Cadillac Desert_ The American West and Its Disappearing Water - Marc Reisner [10]
Perhaps they are right. Perhaps, despite the fifty thousand major dams we have built in America; despite the fact that federal irrigation has, for the most part, been a horribly bad investment in free-market terms; despite the fact that the number of free-flowing rivers that remain in the West can be counted on two hands; perhaps, despite all of this, the grand adventure of playing God with our waters will go on. Perhaps it will be consummated on a scale of which our forebears could scarcely dream. By encouraging millions of people to leave the frigid Northeast, we could save a lot of imported oil; by doubling our agricultural exports, we could pay for the oil we import today. As the ancient, leaking water systems and infrastructure of the great eastern cities continue to decay, we may see an East-West alliance develop: you give us our water projects, we’ll give you yours. Perhaps, in some future haunted by scarcity, the unthinkable may be thinkable after all.

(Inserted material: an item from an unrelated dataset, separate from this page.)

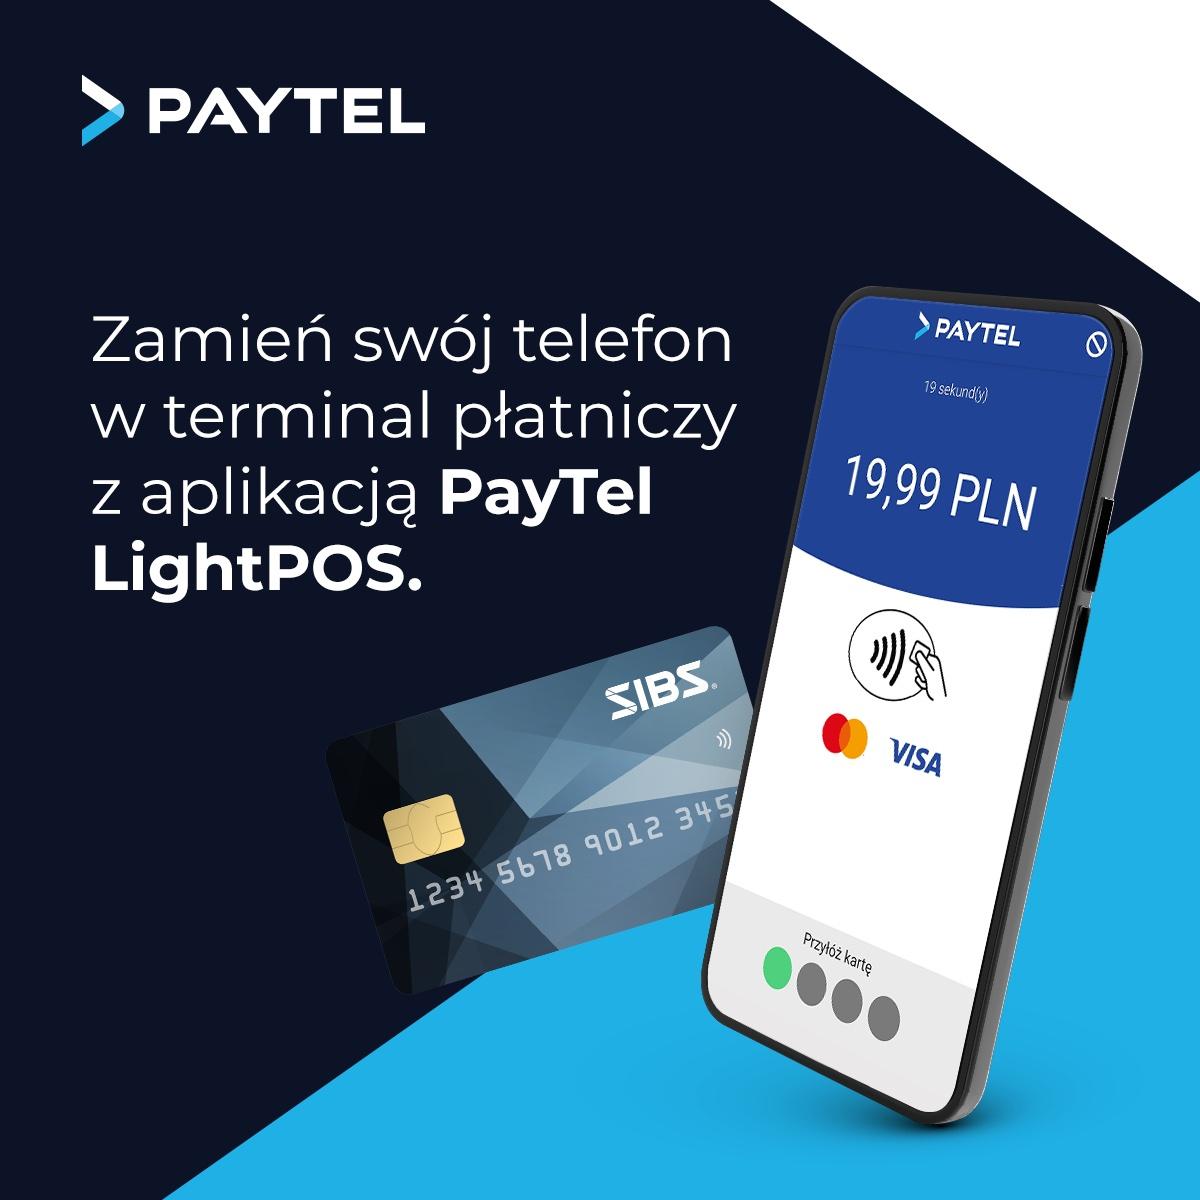 Smartfon i karta płatnicza i tekst: PAYTEL zamień swój telefon w terminal płatniczy z aplikacją Paytel + LightPOS

In the West, of course, where water is concerned, logic and reason have never figured prominently in the scheme of things. As long as we maintain a civilization in a semidesert with a desert heart, the yearning to civilize more of it will always be there. It is an instinct that followed close on the heels of food, sleep, and sex, predating the Bible by thousands of years. The instinct, if nothing else, is bound to persist.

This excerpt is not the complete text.